Conclusions: This novel isolation method gave highly pure Δ9-THCA-A without using special purification equipment, such as a flash chromatography system or an HPLC system with a fraction collector, which are uncommon in forensic laboratories. This method will be useful for many forensic laboratories that find it difficult to obtain commercial Δ9-THCA-A as a standard.

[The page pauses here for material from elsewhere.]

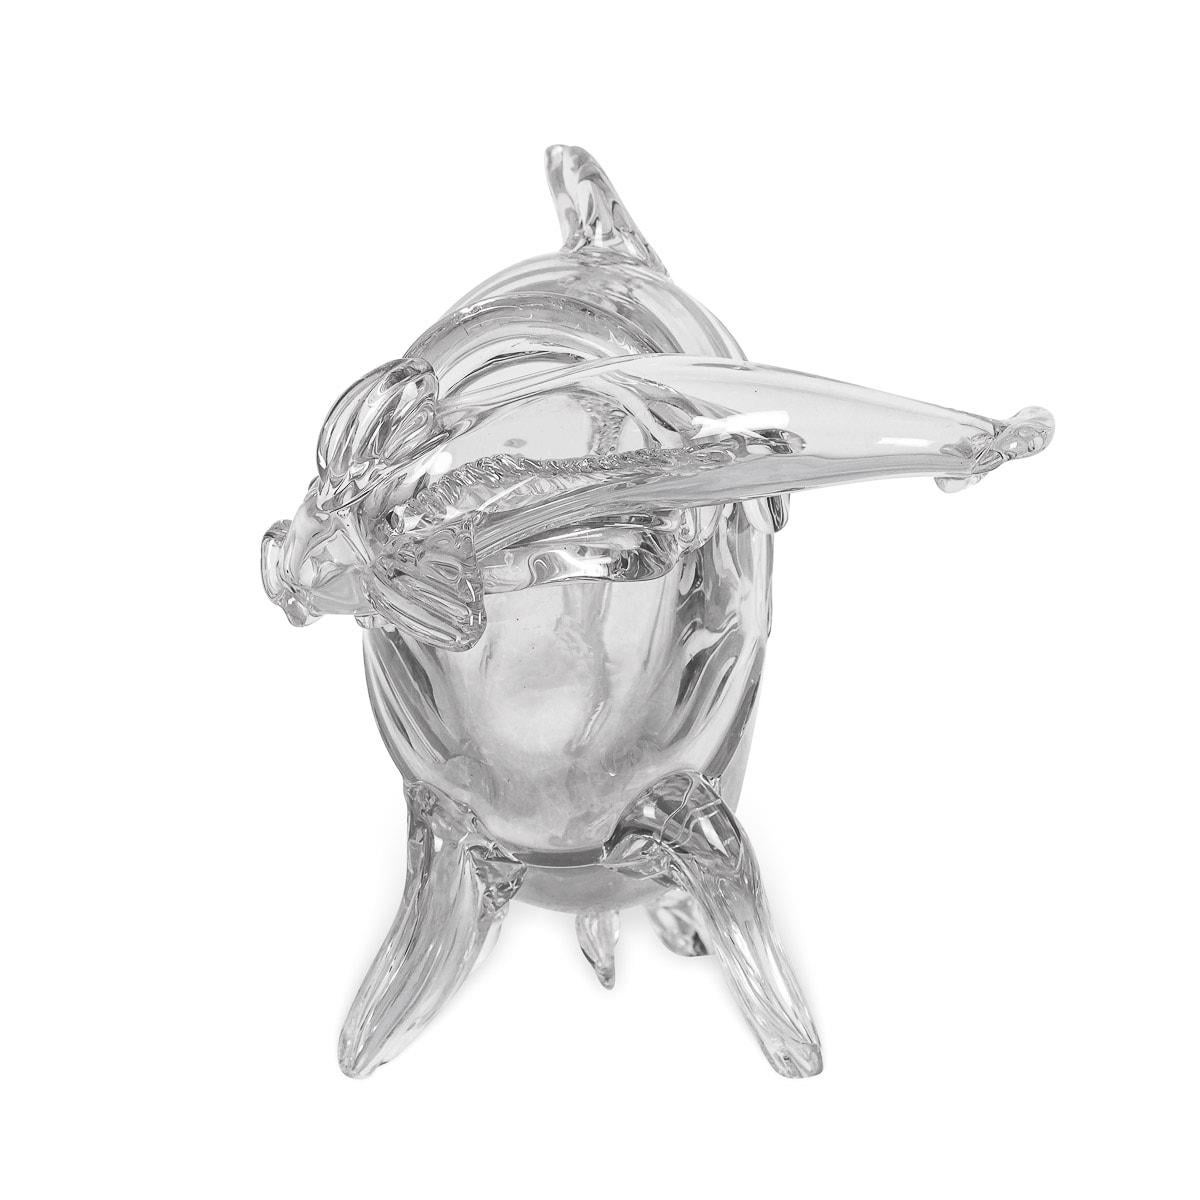 Grand modèle de poisson en cristal de Saint Louis du milieu du 20e siècle, soufflé et taillé à la main depuis 1586 à Saint-Louis-les-Bitche en Moselle. Dessiné par Jean Sala (1895-1976), Jean Sala est né en Espagne (actif en

用途:Δ9-Tetrahydrocannabinolic酸- a (Δ9-THCA-A)是大麻中Δ9-tetrahydrocannabinol的前体。在这里,考虑到适用于普通法医实验室,我们开发了一种新的隔离方法Δ9-THCA-A不需要特殊设备。方法:用乙腈提取干大麻花粉(2g)。提取液经石墨碳粉处理去除叶绿素后,用甲醇代替溶剂。甲醇溶液用氢氧化钠水溶液稀释,然后用正己烷/乙酸乙酯(7:1,v/v)的混合物洗涤。剩余水层用乙酸酸化,用正己烷/乙酸乙酯混合物萃取。提取液采用硝酸银-硅胶柱层析纯化。结果:分离得到的最终产物为淡米色固体。将三甲基硅基化后的气相色谱/质谱(GC/MS)分析结果与具有正品标准的高效液相色谱-紫外检测(HPLC-UV)分析结果进行比较,确定最终产品为Δ9-THCA-A。经1h -核磁共振波谱、GC/MS、HPLC-UV等方法验证,最终产物纯度高。结论:该分离方法不需要特殊的纯化设备,如闪蒸层析系统或带组分收集器的高效液相色谱系统,可获得高纯度的Δ9-THCA-A,这在法医实验室中并不常见。这种方法将对许多难以获得商业Δ9-THCA-A作为标准的法医实验室有用。
期刊介绍:
The journal Forensic Toxicology provides an international forum for publication of studies on toxic substances, drugs of abuse, doping agents, chemical warfare agents, and their metabolisms and analyses, which are related to laws and ethics. It includes original articles, reviews, mini-reviews, short communications, and case reports. Although a major focus of the journal is on the development or improvement of analytical methods for the above-mentioned chemicals in human matrices, appropriate studies with animal experiments are also published.
Forensic Toxicology is the official publication of the Japanese Association of Forensic Toxicology (JAFT) and is the continuation of the Japanese Journal of Forensic Toxicology (ISSN 0915-9606).